The first layer of protection is the high probability that, even if American Airlines were to face bankruptcy, it would choose to “affirm” the debt and continue making payments on these specific aircraft. Because the planes are new, fuel-efficient, and essential to its operations, the airline would have a strong incentive to keep them. The transaction is also cross-collateralized and cross-defaulted, meaning AAL can’t pick and choose which planes to keep from the pool; it must assume the obligations for all 25 or risk losing them all. This structure heavily favors affirmation.
The second major protection is a liquidity facility, provided by Natixis S.A. (rated ‘A+’), which covers up to 18 months of interest payments for certificate holders. This facility acts as a crucial buffer. If AAL were to stop paying, this liquidity would give investors time to negotiate with the airline or, if necessary, repossess and sell the aircraft without missing interest income. Furthermore, the legal documentation includes language intended to ensure a fair, market-value sale of the aircraft in a repossession scenario, a lesson learned from past airline bankruptcies.
Conclusion: A Strategic Move in a Favorable Market
American Airlines’ Series 2025-1 EETC is a textbook example of how major airlines leverage sophisticated financial tools to fund their growth and modernization. By isolating the credit risk of high-quality, essential aircraft from its broader corporate credit profile, AAL can access capital at more favorable terms. The high preliminary ratings from S&P Global Ratings underscore the market’s confidence in this specific financing structure, the quality of the underlying assets, and the robust legal protections in place for investors.
Looking ahead, the transaction is well-timed. S&P notes the potential for favorable aircraft supply-and-demand dynamics for several years, driven by global fleet replacement cycles and steady passenger growth.
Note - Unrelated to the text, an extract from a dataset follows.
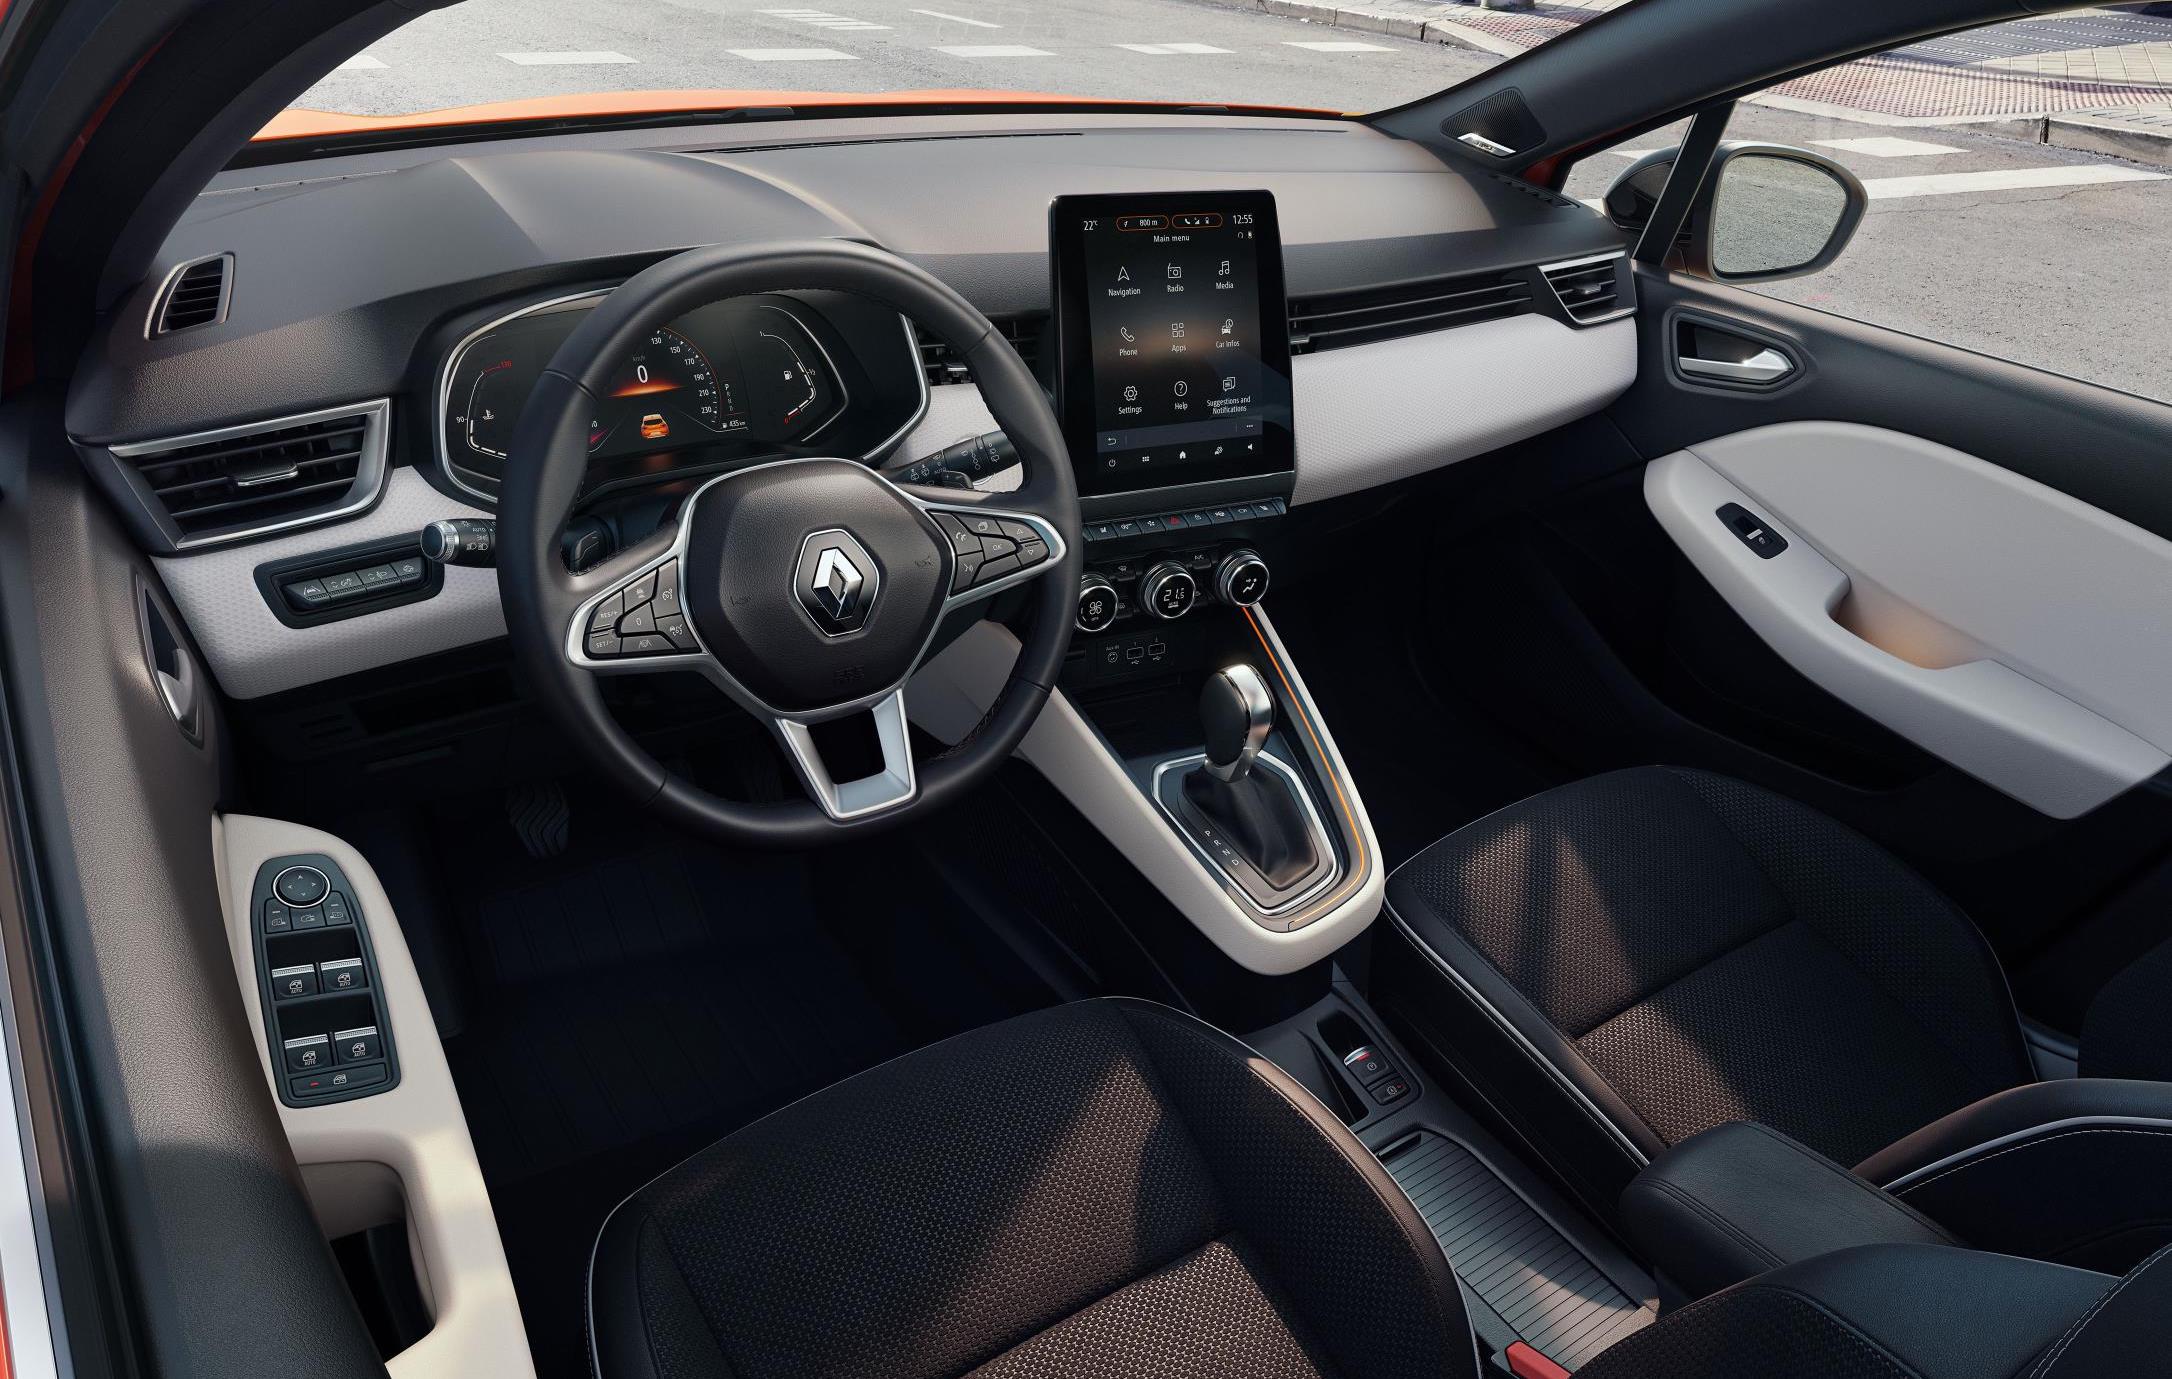 2019 Renault Clio interior goes big on technology

This suggests that the value of the collateral is likely to remain strong, further securing the investment. For American Airlines, this deal provides the capital needed to integrate next-generation aircraft into its fleet, enhancing efficiency and competitiveness. For the broader aviation industry, it reaffirms the EETC as a resilient and vital financing mechanism that helps keep the skies busy and the fleets modern.
FAQ
Question: What is an EETC?
Answer: An Enhanced Equipment Trust Certificate (EETC) is a type of financial security used by airlines to finance the purchase of aircraft. Investors buy certificates, and the funds are used to buy the planes, which then serve as collateral for the investment. It includes structural enhancements like liquidity facilities to make it more secure than lending directly to the airline.
Question: Why are the EETC ratings so much higher than American Airlines’ corporate rating?
Answer: The ratings are higher due to strong investor protections that are separate from the airline’s overall financial health. These include the high quality and essential nature of the aircraft collateral, a low loan-to-value ratio, a liquidity facility to cover interest payments, and legal structures that make it highly likely the airline would continue payments even during bankruptcy.
Question: What aircraft are included in this deal?
Answer: The deal is collateralized by 25 new aircraft: two Airbus A321XLRs, twelve Boeing 737 MAX 8s, three Boeing 787-9s, and eight Embraer ERJ 175LRs. These are considered core to American Airlines’ regional and long-haul strategies.